Prefer const when no reassignment is needed

Assignment is not a habit. It should communicate change.

Production thinking

Readable expressions prevent silent bugs.

Why does this matter?

Assignment changes program state. If state changes are hidden, debugging becomes guesswork.

Accessibility

Assignment often updates aria state, messages and form status. Hidden state changes can leave the visible UI out of sync.

Production note

Production code benefits from predictable, local state changes. Avoid assignment patterns that require mental gymnastics.

SEO note

If assignment controls rendered content, unclear state updates can lead to missing or stale page data.

Live code lab

Change the HTML, CSS or JavaScript and run the result.

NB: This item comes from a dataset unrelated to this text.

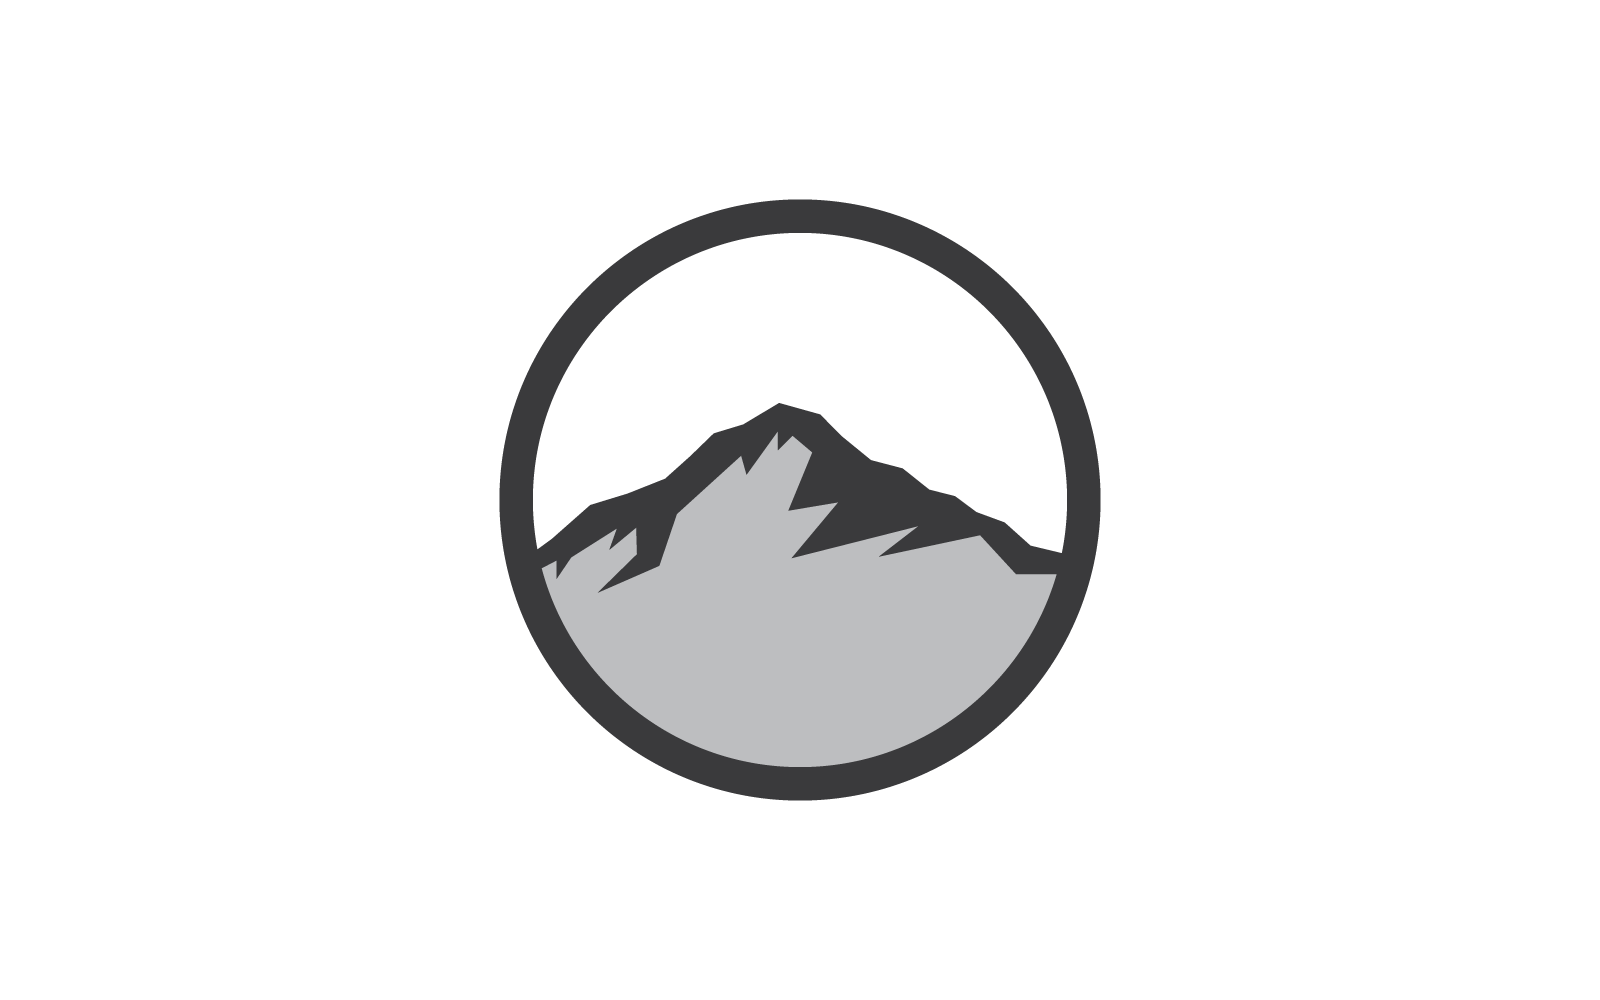 Mountain illustration logo icon vector design

The preview runs inside an isolated iframe. The JavaScript is placed inside the HTML editor for now, so every example stays together and remains easy to understand.

Mini assignment

Try this now.

  • Change ??= to ||= and set owner to an empty string.
  • Add a remove button that uses itemCount -= 1.
  • Rewrite itemCount += 1 as itemCount = itemCount + 1.

Practice assignment

Do this before moving to the next topic.

  1. Write three compound assignment examples.
  2. Use ??= to set a default value.
  3. Find one assignment that would be clearer as a separate line.

Try it yourself

Use compound and nullish assignment

Live preview

Self-check

Before you continue, prove that you understand Assignment Operators.

Intermediate

Say the answer in plain language. If you can explain the operator behavior, you can debug the expression.

  1. Can you explain what assignment changes?
  2. Can you explain why += is useful?
  3. Can you explain why nested assignment can be confusing?
  4. Can you explain the difference between ||= and ??=?
  5. Can you explain when const is better than let?